“Hawaii has changed you completely.” His doctor had been shocked by the test results that morning, when Vladimir stopped on the way to the office. “You’ve recuperated from your injury better than I ever dreamed. Even your blood pressure is improved. What have you been doing? Yoga? Eating bean sprouts? Whatever it is, clean living is making you healthy. Keep it up!”
With a laugh, Vladimir glanced down at his empty vodka glass and half-eaten plate of beef rib eye drenched in sauce. Clean living? No. Good living. It wasn’t yoga and bean sprouts. It was laughter, good company and lots of sex.
It was Breanna.
Vladimir shifted impatiently in his chair, craning his head to look past the waiters and candlelit tables toward the wood-paneled hallway. His lips rose in unconscious pleasure when he saw Bree coming back down the hall.
Then a dark figure came out of the shadows to accost her. Seeing Greg Hudson, Vladimir rose to his feet. Bree looked surprised, then angry, as the man spoke to her. Vladimir clenched his jaw as he strode rapidly toward them. Hudson’s eyes went wide when he saw him coming. Turning, he ran out of the restaurant.
“What did he say to you?” Vladimir demanded.
Bree turned with a carefully blank look on her face. Her poker face, he thought, but he could see her lips trembling. Her gaze dropped. “Nothing.”
“Tell me.”
“He...” She licked her lips. “He told me he’s in St. Petersburg to collect a debt, and happened to see me.” Her eyes carefully remained on the gleaming parquet floor. “He said he’s going to be very rich in a few days, and he would pay a lot of money to be my next lover. He wondered if there was some kind of waiting list.”
Anger made Vladimir’s vision red. He started to turn, his hands clenched. “I will kill him.”
“No. Please,” Bree whispered. She put her hand on his arm. “Just take me home.”
People in the restaurant were staring at them, whispering behind their hands. “But we already ordered dessert,” he said tightly. “Chocolate cake. Your favorite.”
“I just want to go.” Her cheeks were red. “And forget this day ever happened.”
Forget this day ever happened? The wonderful day he’d spent with her—the hours he’d spent watching her laugh, telling her the truth, buying her things, trying so hard to please her—as he’d never tried to please any woman? “I don’t want to forget.”
She looked away. “I do.”
Shoulders stiff, Vladimir went across the restaurant and tossed thirty thousand rubles on their table. Getting her leather coat, he wrapped it around her shivering shoulders and led her out into the cold, dark night. As his chauffeur drove their limousine home, Vladimir looked out at the snowy streets of St. Petersburg. It had been the best day of his life, but it had ended with Bree in tears.
He wanted to blame the fat little hotel manager. But he knew there was one person at fault for the way she’d been so crudely insulted as a woman who could be bought and sold at any man’s will.
Vladimir himself.
CHAPTER EIGHT
THE next night, Bree paused as she got ready for the New Year’s Eve ball. She looked wanly out the tall curved window of their bedroom.

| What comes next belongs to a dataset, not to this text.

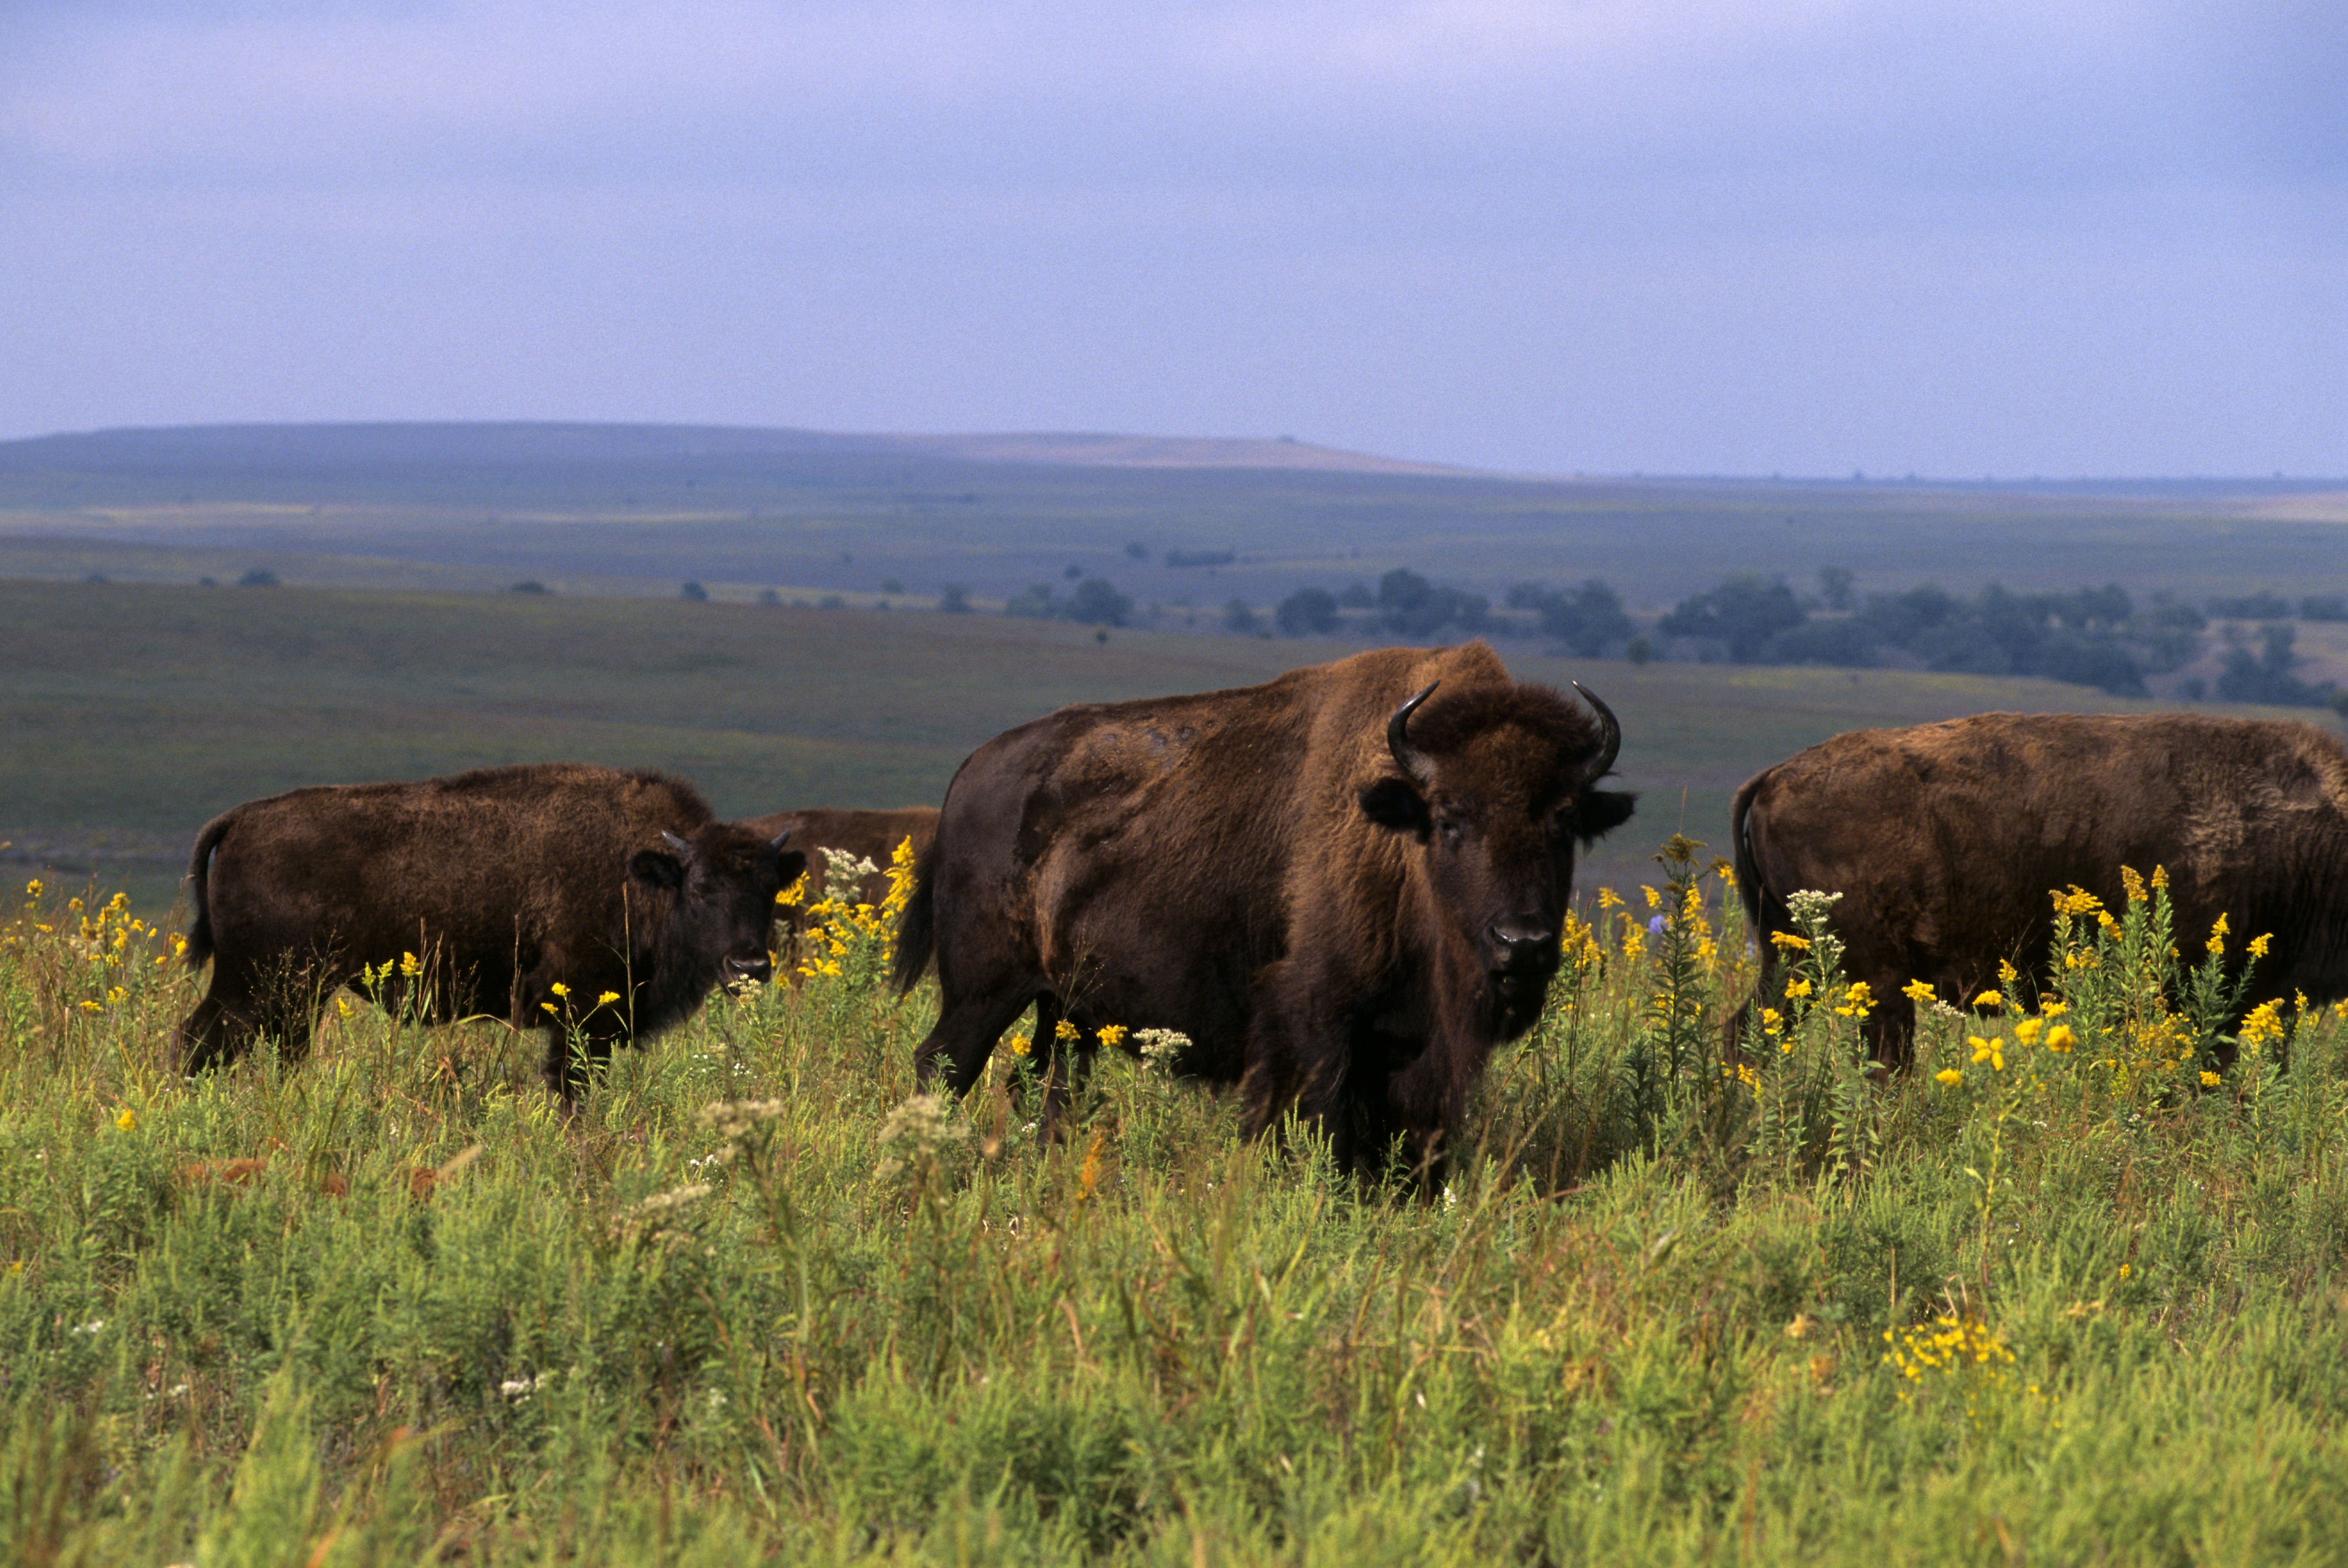 Bison near Pawhuska, Tallgrass Prairie Preserve in Oklahoma.

The wintry Gulf of Finland on the Baltic Sea looked nothing like Hawaii’s warm turquoise waters. It was even worse than Alaska’s frigid sea. Even in the weak, short hours of daylight, the Russian waves were choppy and gray. But the sun had set long ago, and the world was dark. The black, icy water here could suck the life out of you within seconds if you were dumb enough to fall into it.
Kind of like falling in love with a man who would neither love you back nor set you free.
Bree closed her eyes. Yesterday, the workaholic tyrant had been neither workaholic nor a tyrant, playing hooky from work to entertain her. Letting people keep their jobs in his merger. Tipping that saleswoman at the boutique. Getting rid of the men who’d threatened Bree and her little sister. And more.
I’ve never forgotten you, Breanna. She would never forget the stark vulnerability in his blue eyes. Or stopped wanting you.
Bree trembled with emotion, remembering. Thank heaven she’d been able to cover her reaction by gulping that nasty-tasting vodka. She should probably be grateful for Greg Hudson, too. His words had brought her back to reality with a snap.
Bleakly, she opened her eyes. She was alone in their bedroom, with one leg propped up on the bed, pulling on sheer black stockings as she got ready for the New Year’s Eve ball. Her beautiful haute-couture princess gown was on the bed, waiting to go over her new black lace bra, panties and garter belt. Vladimir had bought out every expensive store in the city. “I am trying to make you happy,” he’d said. But she couldn’t be bought that way. Only two things could make her happy, and they were the very things he would not or could not give her. Freedom. Love.